From the line that contains "Everett Potter: Durban's" to the last line of the entries, write each line out exactly; include both ends and nothing else.

Data items
--*--
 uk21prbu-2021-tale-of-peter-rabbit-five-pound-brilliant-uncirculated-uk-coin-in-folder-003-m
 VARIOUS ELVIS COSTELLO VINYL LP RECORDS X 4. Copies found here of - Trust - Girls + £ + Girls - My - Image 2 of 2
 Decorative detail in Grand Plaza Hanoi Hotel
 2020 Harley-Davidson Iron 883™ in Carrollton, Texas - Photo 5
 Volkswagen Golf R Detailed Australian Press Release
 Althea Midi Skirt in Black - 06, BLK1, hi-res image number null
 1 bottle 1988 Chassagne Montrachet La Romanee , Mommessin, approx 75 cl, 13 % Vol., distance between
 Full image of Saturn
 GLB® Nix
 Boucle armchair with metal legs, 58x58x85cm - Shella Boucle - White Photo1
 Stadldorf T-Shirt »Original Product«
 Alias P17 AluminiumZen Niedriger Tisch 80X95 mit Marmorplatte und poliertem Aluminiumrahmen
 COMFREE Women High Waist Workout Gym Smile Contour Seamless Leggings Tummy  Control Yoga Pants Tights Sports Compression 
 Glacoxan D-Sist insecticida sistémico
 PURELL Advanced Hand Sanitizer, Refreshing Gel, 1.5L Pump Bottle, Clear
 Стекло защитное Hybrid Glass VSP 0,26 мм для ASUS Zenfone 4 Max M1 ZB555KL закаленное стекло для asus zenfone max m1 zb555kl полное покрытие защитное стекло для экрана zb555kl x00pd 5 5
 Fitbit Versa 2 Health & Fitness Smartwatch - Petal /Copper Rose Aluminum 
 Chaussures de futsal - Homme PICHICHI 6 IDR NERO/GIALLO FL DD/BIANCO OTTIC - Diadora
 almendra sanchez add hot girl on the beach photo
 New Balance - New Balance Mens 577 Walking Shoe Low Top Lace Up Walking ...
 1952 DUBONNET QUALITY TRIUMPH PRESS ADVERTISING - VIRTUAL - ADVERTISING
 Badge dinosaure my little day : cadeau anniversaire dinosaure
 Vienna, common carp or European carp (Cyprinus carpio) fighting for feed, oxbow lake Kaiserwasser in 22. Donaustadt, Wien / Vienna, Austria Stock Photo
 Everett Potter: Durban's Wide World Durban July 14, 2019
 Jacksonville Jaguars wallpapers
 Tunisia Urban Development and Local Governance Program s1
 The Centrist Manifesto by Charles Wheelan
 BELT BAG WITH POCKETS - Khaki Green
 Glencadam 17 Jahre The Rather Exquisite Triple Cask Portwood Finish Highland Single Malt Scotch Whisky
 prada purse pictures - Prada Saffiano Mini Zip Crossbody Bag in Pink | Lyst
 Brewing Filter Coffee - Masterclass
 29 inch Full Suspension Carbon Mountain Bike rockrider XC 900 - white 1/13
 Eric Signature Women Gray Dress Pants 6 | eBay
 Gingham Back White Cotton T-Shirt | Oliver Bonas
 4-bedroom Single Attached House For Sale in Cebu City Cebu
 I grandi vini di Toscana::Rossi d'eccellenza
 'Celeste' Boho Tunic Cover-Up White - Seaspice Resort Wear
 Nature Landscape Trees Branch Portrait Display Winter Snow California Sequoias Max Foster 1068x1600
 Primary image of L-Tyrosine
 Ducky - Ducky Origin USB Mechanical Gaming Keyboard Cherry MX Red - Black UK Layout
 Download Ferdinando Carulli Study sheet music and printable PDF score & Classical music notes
--*--
» RESULT:
 Everett Potter: Durban's Wide World Durban July 14, 2019
 Jacksonville Jaguars wallpapers
 Tunisia Urban Development and Local Governance Program s1
 The Centrist Manifesto by Charles Wheelan
 BELT BAG WITH POCKETS - Khaki Green
 Glencadam 17 Jahre The Rather Exquisite Triple Cask Portwood Finish Highland Single Malt Scotch Whisky
 prada purse pictures - Prada Saffiano Mini Zip Crossbody Bag in Pink | Lyst
 Brewing Filter Coffee - Masterclass
 29 inch Full Suspension Carbon Mountain Bike rockrider XC 900 - white 1/13
 Eric Signature Women Gray Dress Pants 6 | eBay
 Gingham Back White Cotton T-Shirt | Oliver Bonas
 4-bedroom Single Attached House For Sale in Cebu City Cebu
 I grandi vini di Toscana::Rossi d'eccellenza
 'Celeste' Boho Tunic Cover-Up White - Seaspice Resort Wear
 Nature Landscape Trees Branch Portrait Display Winter Snow California Sequoias Max Foster 1068x1600
 Primary image of L-Tyrosine
 Ducky - Ducky Origin USB Mechanical Gaming Keyboard Cherry MX Red - Black UK Layout
 Download Ferdinando Carulli Study sheet music and printable PDF score & Classical music notes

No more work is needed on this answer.